Consistent with our observations, Choi et al. found that DL-based AI systems predominantly modified assessments for BI-RADS 3 and 4A classification while maintaining diagnostic stability for definitive benign (BI-RADS 2) or highly suspicious malignant (BI-RADS 4B-5) lesions. In cases of BI-RADS 3 or 4A lesions, for which it is difficult to determine whether a biopsy is needed, AI systems based on DL can enhance the diagnostic performance of radiologists, thus allowing them to formulate appropriate decisions concerning biopsy (21). Additionally, Ouyang et al. constructed a predictive model that combined DL techniques with relevant clinical factors to predict the classification of BI-RADS 4A-positive lesions in mammography. The model showed commendable diagnostic performance, with AUC values of 0.85, 0.82, and 0.84 for the training, validation, and external validation sets, respectively (22). This model may thus be a powerful tool in helping radiologists enhance diagnostic precision and reduce unnecessary biopsies in patients with BI-RADS 4A-positive lesions. In their study, Meng et al. found that the proportion of lesions downgraded by their proposed DL model was 90.73%, 84.76%, and 80.19% for BI-RADS categories 4A, 4B, and 4C, respectively, which could help reduce unnecessary biopsy rates for less experienced residents (20). In line with this, Zhao et al. reported that DL integration significantly enhanced residents’ diagnostic specificity (19.47–48.67% vs. 46.02–76.11%) and overall performance (AUC: 0.62–0.74 vs. 0.71–0.85; P<0.001), supporting its role as an adjunctive tool for residents to downgrade 4A lesions and reduce unnecessary biopsies (23). Consistent with these observations, our study revealed substantial improvements in junior radiologists’ performance when assisted by the DL model: the specificity increased from 0.63, 0.69, and 0.70 to 0.78, 0.79, and 0.81, respectively, while the AUC values improved from 0.57, 0.55, and 0.58 to 0.74, 0.77, and 0.77 (P<0.05), respectively. These results indicated that our DL model could enhance the accurate prediction of BI-RADS 3 and 4A lesions by junior radiologists, and may serve as an effective method to reducing missed diagnoses and unnecessary biopsies.

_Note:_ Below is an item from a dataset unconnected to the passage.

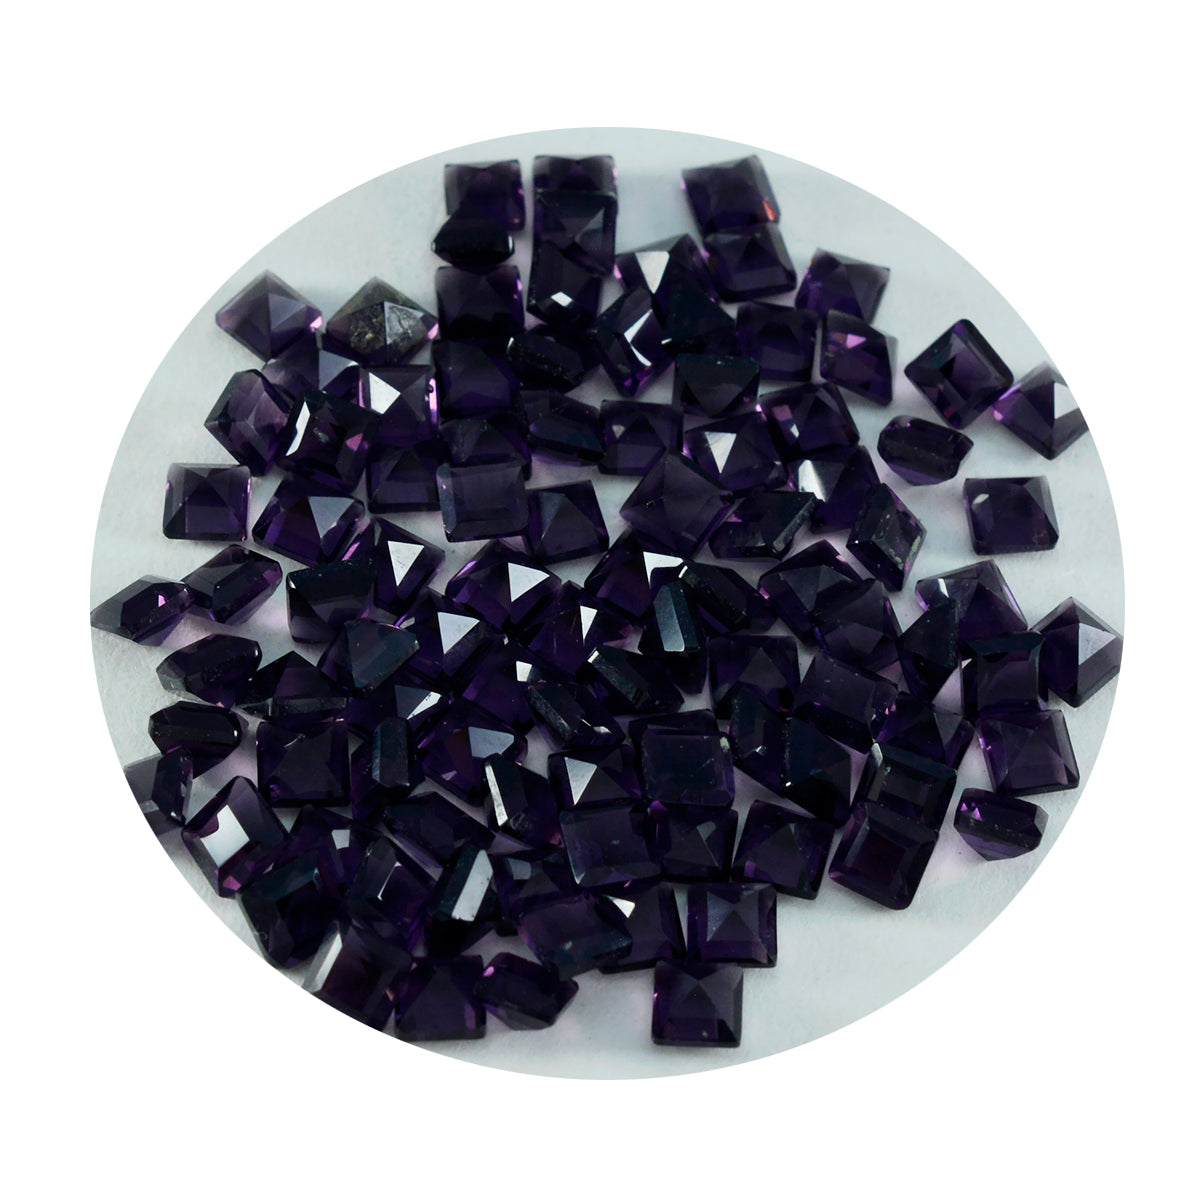 Riyogems 1PC Purple Amethyst CZ Faceted 4x4 mm Square Shape startling Quality Loose Gemstone

Kim et al. found that AI assistance increased radiologists’ sensitivity and specificity in the differential diagnosis of noncalcified lesions; the radiologists showed high sensitivity in the evaluation of fatty breasts without the aid of AI, but in dense breasts, their performance was greatly improved when aided by AI (24). This finding is consistent with those reported by Sasaki et al., who confirmed that AI is not affected by breast density in distinguishing benign and malignant breast lesions (25). In our study, we found that DL assistance significantly improved junior radiologists’ diagnostic performance for BI-RADS 3 and 4A lesions in dense breasts and for noncalcified lesions. This is because radiologists’ performance can decrease with the increase in breast density since dense parenchymal tissue is more likely to mask cancer lesions in mammograms. The difference in the sensitivity of AI between nondense and dense breasts is much smaller than that for radiologists, leading to the significantly improved performance of the radiologists for lesions in dense breasts when assisted by AI (24). Thus, the DL model could effectively assist radiologists in reducing missed diagnoses and misdiagnoses caused by breast density or inconspicuous lesion features.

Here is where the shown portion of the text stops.